Изменить стиль страницы

Уже давно не чувствовал он себя таким бодрым и свежим. Что за езда! Белая равнина, горы впереди, горы позади, солнце, вдруг появившееся утром и покрывшее равнину ослепительным блеском, лошади, мчащиеся по морозу, бубенчики, звенящие в ритм их топоту, руки возлюбленной, которые нелегко найти под горою кожухов, и в складках одежды — ощущение себя и тепла своих тел. И теперь, глядя на потолочные балки и единственный стол этой убогой корчмы, на женщину в парике, подкладывающую в печь длинные буковые поленья, глядя в окно на русинок, торопливо шагающих по снегу в бараньих полушубках, на бородатого еврея в высоких валенках, который вышел из лавочки напротив и, потерев руки, тотчас опять в ней исчез, вдыхая такой непривычный воздух, Иво был в восторге и с улыбкой мысленно твердил: «Гоголь, том первый». О том, что они всего в пяти часах езды от Поляны, он не думал.
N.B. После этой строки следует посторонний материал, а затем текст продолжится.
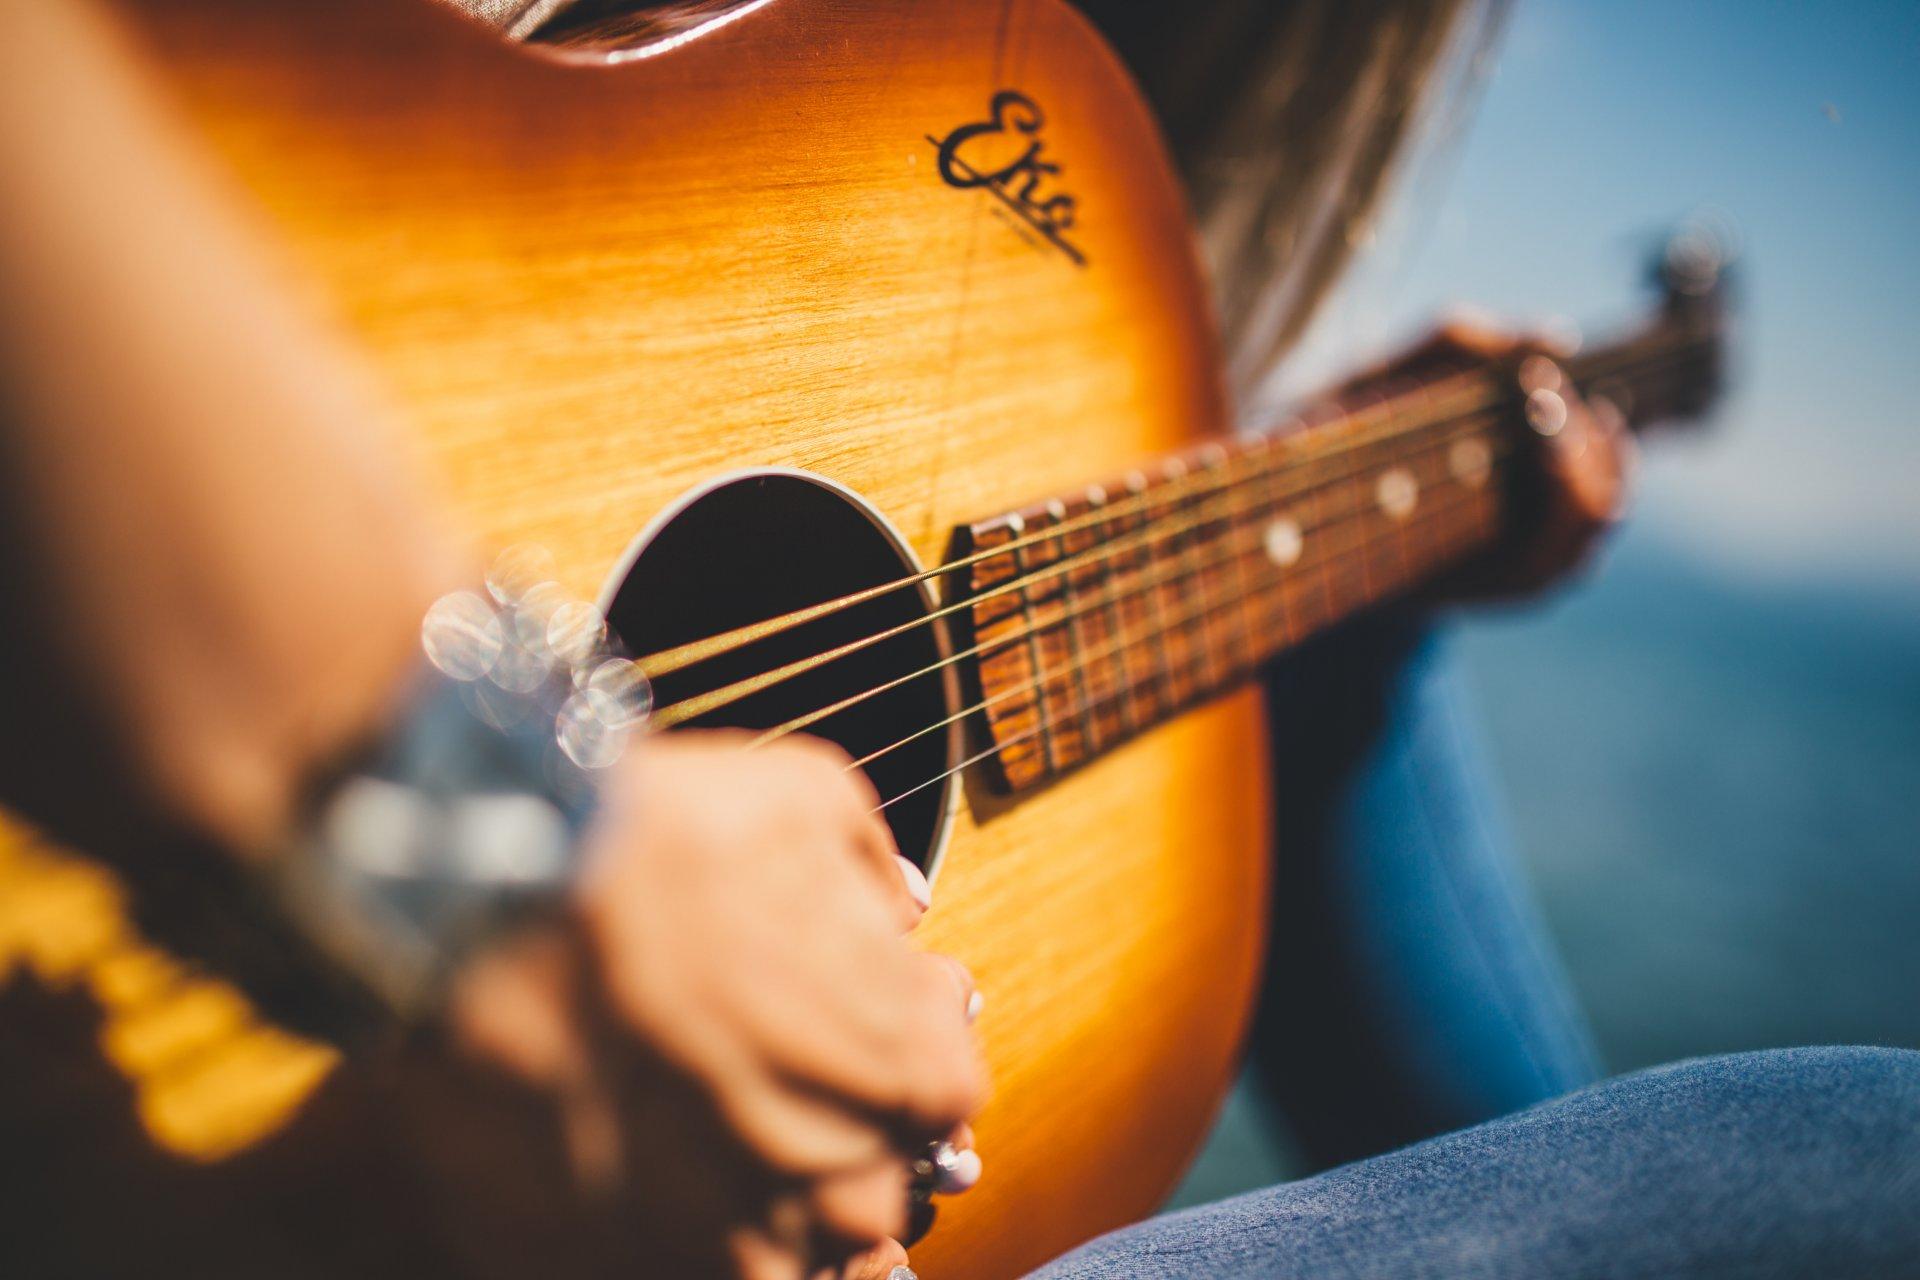 Картинки пожеланием, картинки красивые с гитарой
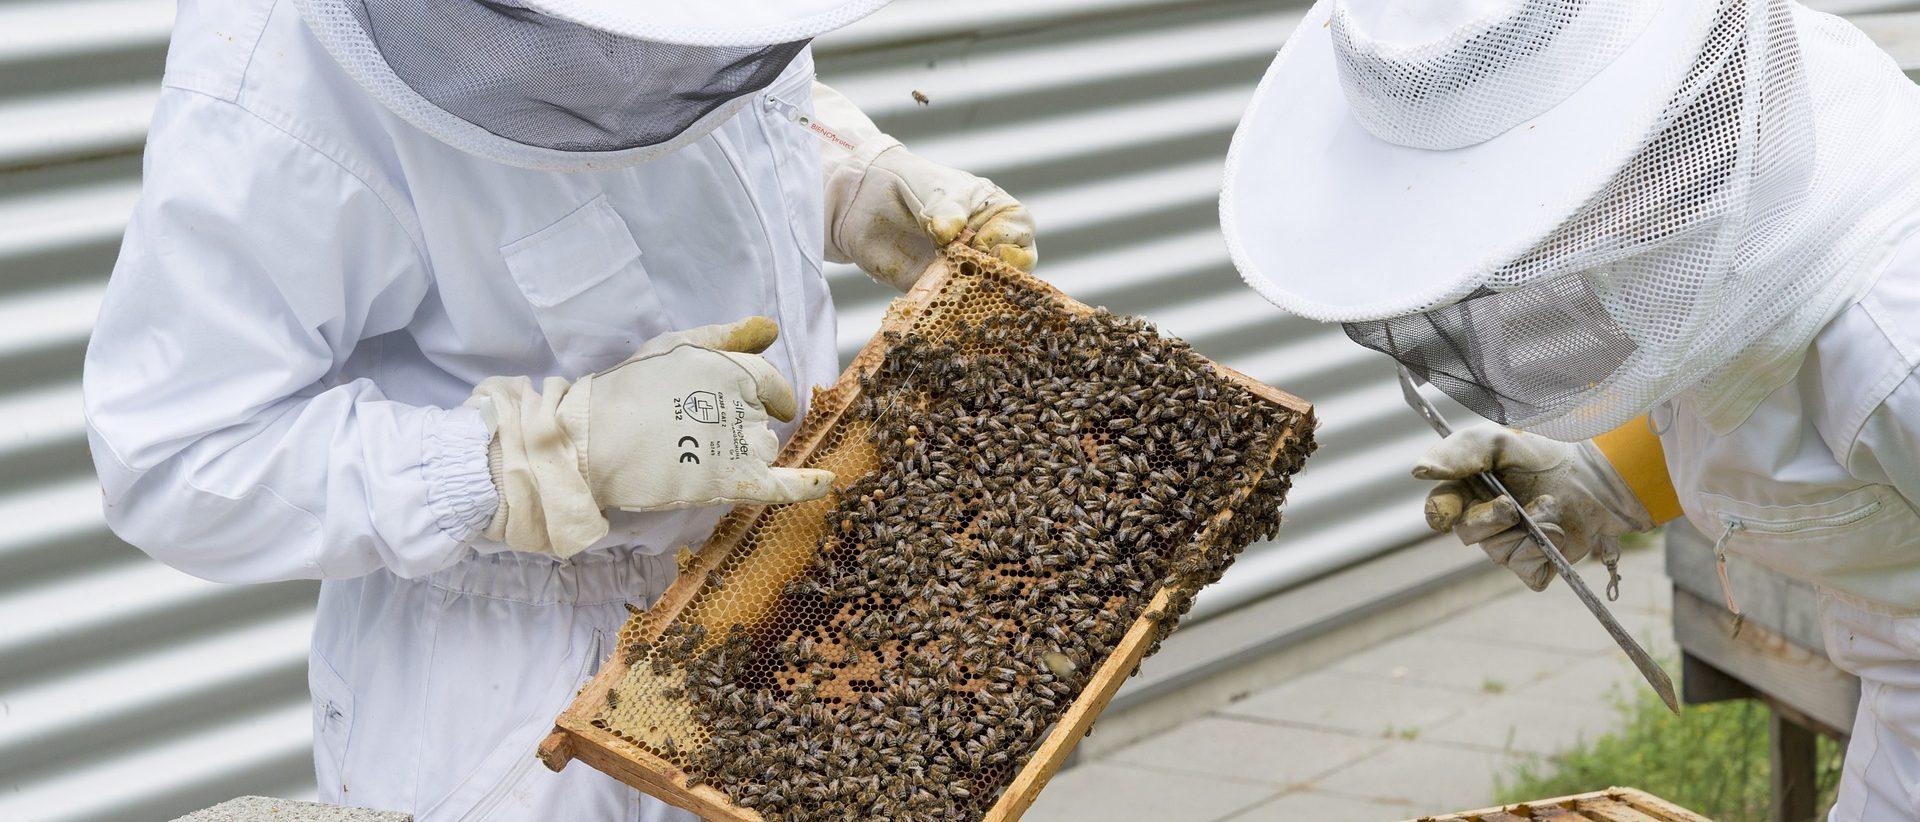 Hunajan keräys ja käsittely

Тихонько заглядывал он в соседнюю комнату. Там, разрумянившись от мороза, спокойно спала Ганеле.

«Какая прелестная! — думал он. — Кто когда видел такие чудные губы? Какое счастье, что я нашел вас… моя девочка!»

В пятом или шестом часу утра он встал перед ней навытяжку и, стукнув по-военному каблуками, доложил:

— Ваше высокоблагородие, государыня, самовар готов. Лошади поданы, ваше превосходительство!

Вместе с Андрием Двуйлом они поели в корчме яичницы, уже почерствевшего с пятницы бархеса и выпили чаю.

Корчмарка, желая завязать разговор с Ганеле, о чем-то спросила ее по-еврейски. Ганеле ответила неохотно, но Иво Караджич, хоть не понял ни слова, сказал насмешливо, слегка подражая ее интонации.

— Меня зовут Иво Караджич, я из Остравы, мне тридцать три года, я представитель фирмы эмалированной посуды «Дуб и Арнштейн»; я очень богат и еду в Поляну просить руки Ганеле Шафар.

Корчмарка засмеялась, немного задетая. Прежде чем они сели в сани и нашли в сене свои насиженные места, Иво Караджич с некоторой тревогой сунул руку за пазуху: цел ли бумажник?

Заметив это движение, Ганеле испугалась, так, что ей даже захватило дыхание: там были ее свидетельство о рождении и документ о совершеннолетии, полученные три недели тому назад…

Отдохнувшие лошади помчались по замерзшей дороге; равнина стала сужаться, и они въехали в горное ущелье. Вскоре горы сошлись очень тесно, их разделяли теперь только дорога да замерзшая у берегов речка.

Он опять погладил Ганелину руку под складками кожухов. Но рука была неподвижна.

Зимою солнце садится за полянские горы вскоре после трех, и они приехали в сумерки.

Возле первого дома у околицы Ганеле сказала:

— Давай остановимся здесь, Иво. У Буркала есть место для лошадей, а у нас в конюшне сложены дрова. И потом я не хочу, чтобы люди видели, кто приехал, а чужие бубенчики все в деревне заметят. А ходу отсюда до нас всего двадцать минут.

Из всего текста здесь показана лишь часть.